Chiaramente questo lavoro non è orientato a caldeggiare l’introduzione di un’imposizione di tal guisa, sicuramente, però, si deve ammettere che l’attuale sistema impositivo potrebbe non essere efficace nell’intercettare nuove manifestazioni di ricchezza in questa nuova economia. Non tanto per quanto attiene il tema dell’imposizione sul consumo, la quale, per la sua struttura, è naturalmente più adatta e adattabile ai cambiamenti socioeconomici, ma per l’imposizione diretta personale, la quale soffriva già una globalizzazione che rende alquanto difficile per gli ordinamenti nazionali una efficace determinazione degli imponibili. Dunque, appare lecito domandarsi, se in quest’epoca altamente digitalizzata e alla luce dei modelli d’impresa in concreto implementati, siano ancora validi alcuni assiomi classici dell’imposizione reddituale societaria e se, d’altra parte, non sia necessario operare anche un cambiamento radicale degli stessi.

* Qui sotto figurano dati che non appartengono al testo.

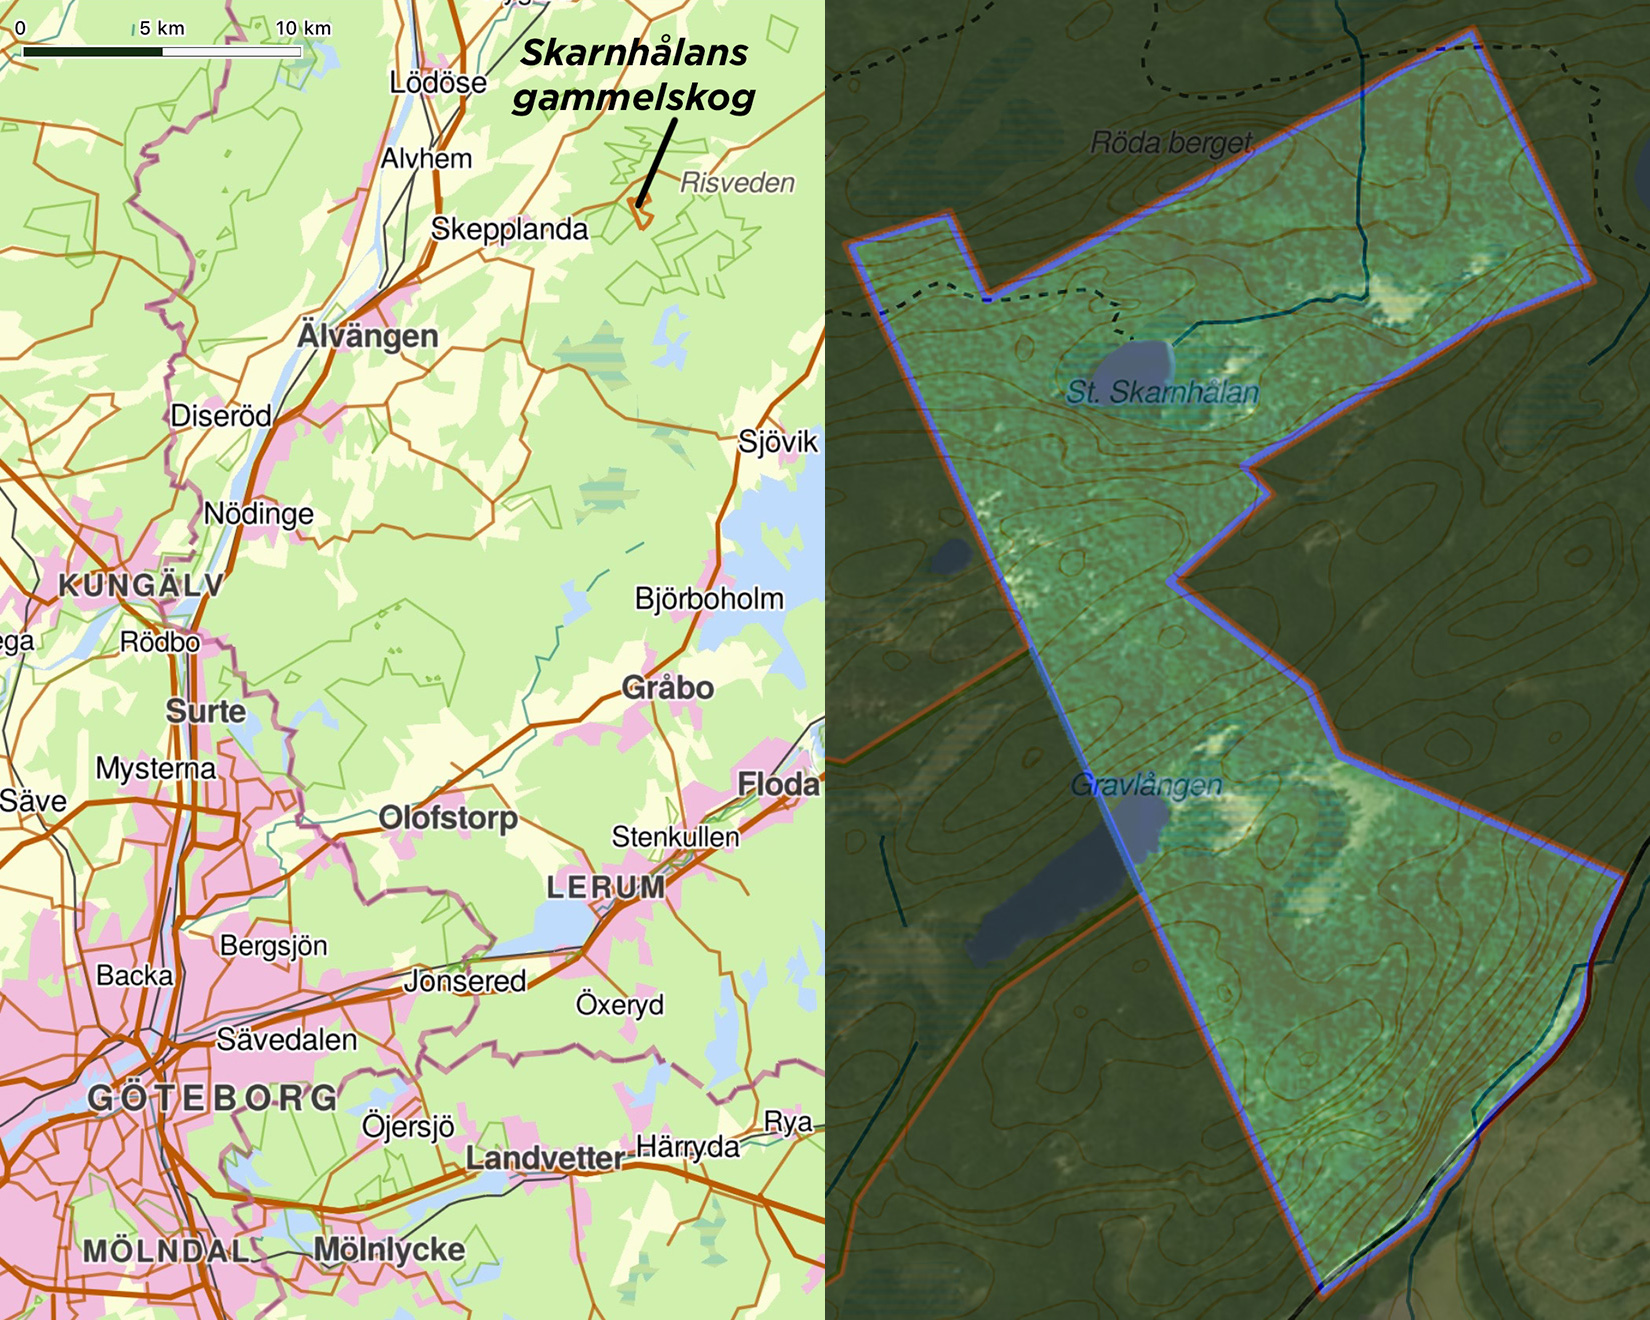 Karta Skarnhålans gammelskog

In termini ancora più generali, si noti che la moltitudine di proposte che sono state avanzate tese a tassare le attività digitali siano l’indice più evidente del grado dell’insoddisfazione verso le categorie giuridiche tributarie attuali e, in generale, verso il diritto tributario globalmente considerate, il quale non può isolarsi dalla realtà attuale e non può non adattarsi alla stessa nel più breve tempo possibile, imponendo un ruolo statico e non più adeguato all’evoluzione sociale ed economica della realtà circostante.